Note that this will not work on things that don't support seek, like stdin or sockets. In those cases, you're stuck reading the whole thing (like the tail command does).


The inefficiency here is not really due to Python, but to the nature of how files are read. The only way to find the last line is to read the file in and find the line endings. However, the seek operation may be used to skip to any byte offset in the file. You can, therefore begin very close to the end of the file, and grab larger and larger chunks as needed until the last line ending is found:

from os import SEEK_END

def get_last_line(file):
  CHUNK_SIZE = 1024 # Would be good to make this the chunk size of the filesystem

  last_line = ""

  while True:
    # We grab chunks from the end of the file towards the beginning until we 
    # get a new line
    file.seek(-len(last_line) - CHUNK_SIZE, SEEK_END)
    chunk = file.read(CHUNK_SIZE)

    if not chunk:
      # The whole file is one big line
      return last_line

    if not last_line and chunk.endswith('\n'):
      # Ignore the trailing newline at the end of the file (but include it 
      # in the output).
      last_line = '\n'
      chunk = chunk[:-1]

    nl_pos = chunk.rfind('\n')
    # What's being searched for will have to be modified if you are searching
    # files with non-unix line endings.

    last_line = chunk[nl_pos + 1:] + last_line

    if nl_pos == -1:
      # The whole chunk is part of the last line.
      continue

    return last_line

Not the straight forward way, but probably much faster than a simple Python implementation:

line = subprocess.check_output(['tail', '-1', filename])

lines = file.readlines()
fileHandle.close()
last_line = lines[-1]

Seek to the end of the file minus 100 bytes or so. Do a read and search for a newline. If here is no newline, seek back another 100 bytes or so. Lather, rinse, repeat. Eventually you'll find a newline. The last line begins immediately after that newline.
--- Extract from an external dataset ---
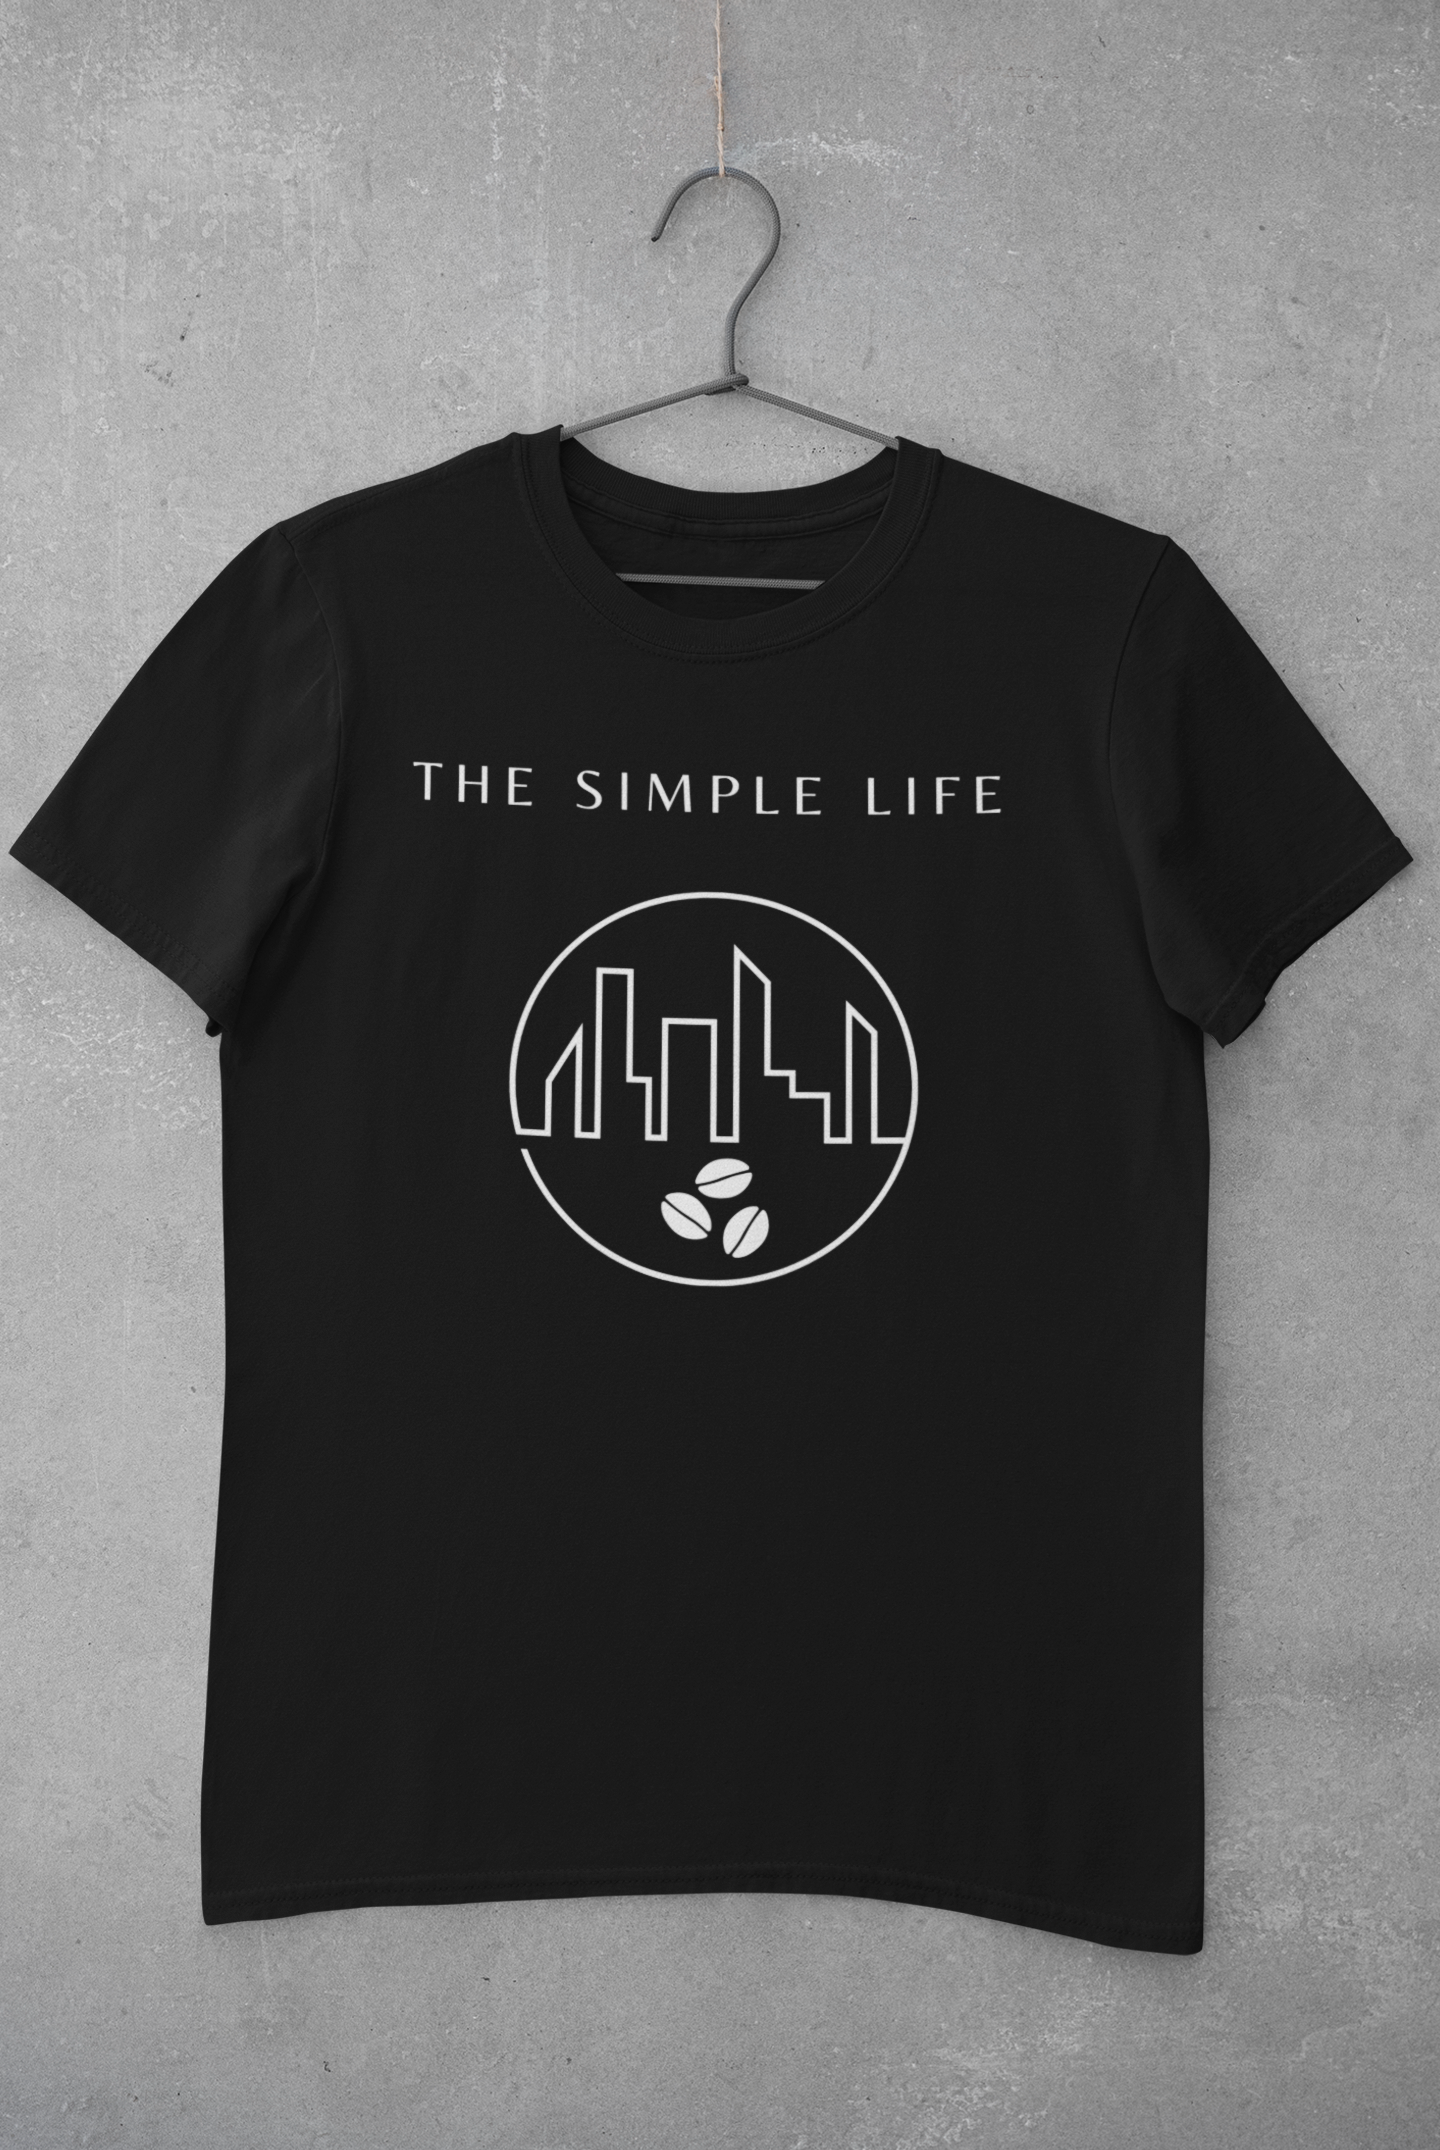 The Simple Life coffee LOGO white/black cotton t-shirt

Best case scenario you only do one read of 100 bytes.


If you can pick a reasonable maximum line length, you can seek to nearly the end of the file before you start reading.

myfile.seek(-max_line_length, os.SEEK_END)
line = myfile.readlines()[-1]

If you do know the maximal length of a line, you can do

def getLastLine(fname, maxLineLength=80):
    fp=file(fname, "rb")
    fp.seek(-maxLineLength-1, 2) # 2 means "from the end of the file"
    return fp.readlines()[-1]

This works on my windows machine. But I do not know what happens on other platforms if you open a text file in binary mode. The binary mode is needed if you want to use seek().


with open('output.txt', 'r') as f:
    lines = f.read().splitlines()
    last_line = lines[-1]
    print last_line

Could you load the file into a mmap, then use mmap.rfind(string[, start[, end]]) to find the second last EOL character in the file? A seek to that point in the file should point you to the last line I would think.


Here's a slightly different solution. Instead of multi-line, I focused on just the last line, and instead of a constant block size, I have a dynamic (doubling) block size. See comments for more info.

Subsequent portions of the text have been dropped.